九境道韵余波未平,山河风气皆被温柔浸染。
踏离时序终末,云海安稳绵长,千载孤寒的镜台之上,自有白衣静静等候归人。
沈拾痕自时序终末踏归,周身萦绕的忆痕道韵已然彻底稳固。不再是初入墟境时微弱飘摇的灵光,也不是求索道心时懵懂试探的微光,而是历经九境百态、阅尽人间至憾后,沉淀而出的温润澄澈,绵长安定。
道韵随行,沿途浮沉飘荡的细碎记忆残片纷纷苏醒。
那些被时序剥落、即将归于虚无的零星旧事,如同寻得归处的游子,轻轻围绕在她身侧,温顺又依赖,随她步履流转,随她呼吸起伏。
她缓缓抬眸,望向云海之上那座孤悬千载的高台。
半岁镜台依旧立在云巅深处,云雾缠绕石阶,长风常年孤寂,是九境之中最清冷、最固执的一方天地。

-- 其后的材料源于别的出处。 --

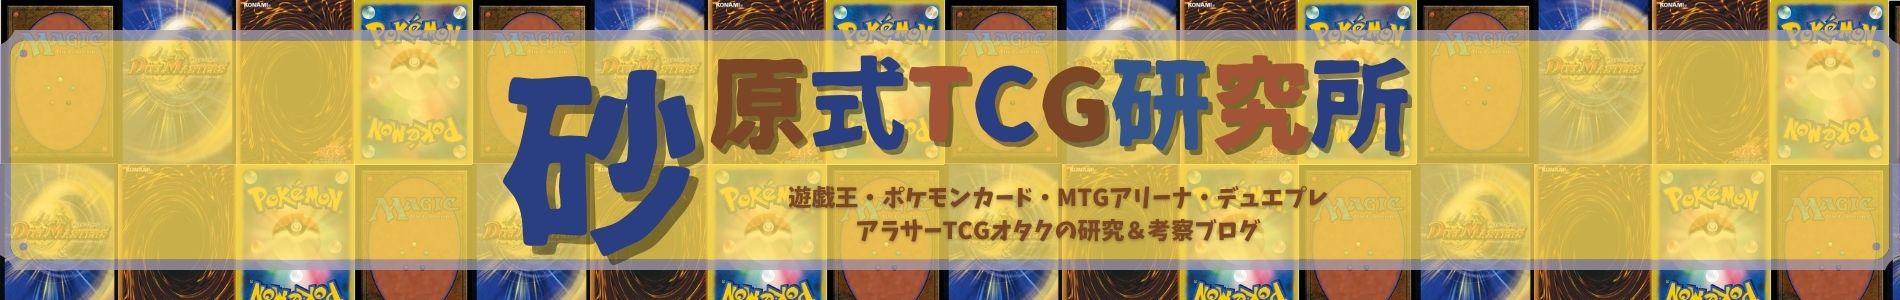 砂原式TCG研究所【遊戯王ブログ】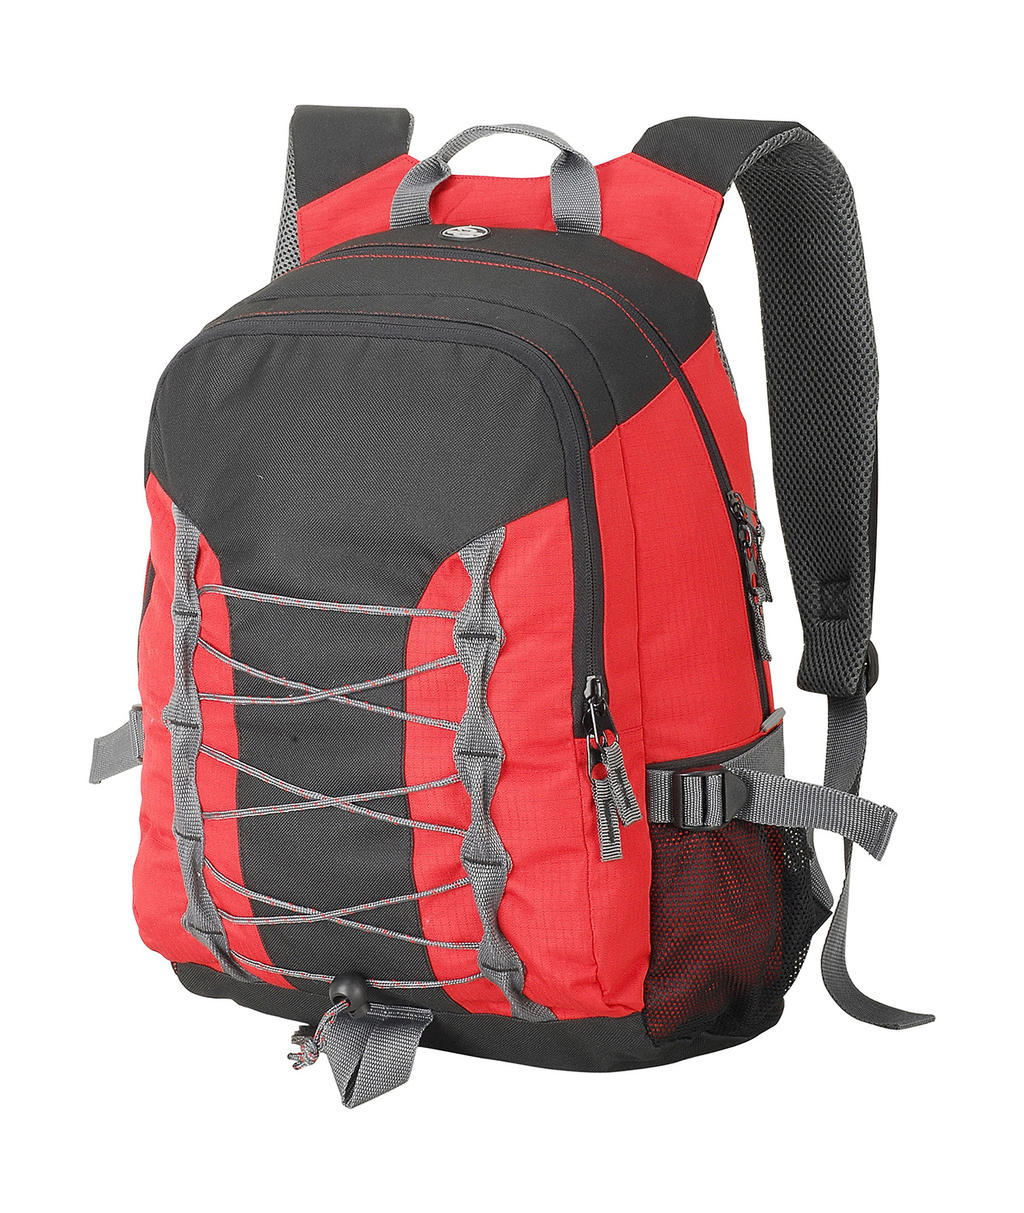  Miami Backpack in Farbe Red/Black/Dark Grey

自她离去赴空尘证道,不过短短时序须臾,可于九境万古光阴而言,却像是熬过了一场漫长的等候。
沈拾痕拾级登云,一步步踏上熟悉的石阶。
石阶两侧浅草轻摇,草间细碎流光轻轻震颤。曾经无数次转瞬消散的记忆碎片,此刻尽数定格,安稳浮于茎叶之间,不再被时序无情抹去分毫。
忆痕道韵无声滋养整片镜台山野,将这片常年荒芜孤寂的高台,悄悄染出一丝温柔生机。
越往高处行,云海愈发轻柔,风声愈发安静。
待穿破最后一层薄雾,镜台全貌终于清晰落于眼底。
青铜古镜肃穆沉敛,静静横亘高台中央,镜面万千光影浮沉往复。只是今日的镜中光景,与从前截然不同。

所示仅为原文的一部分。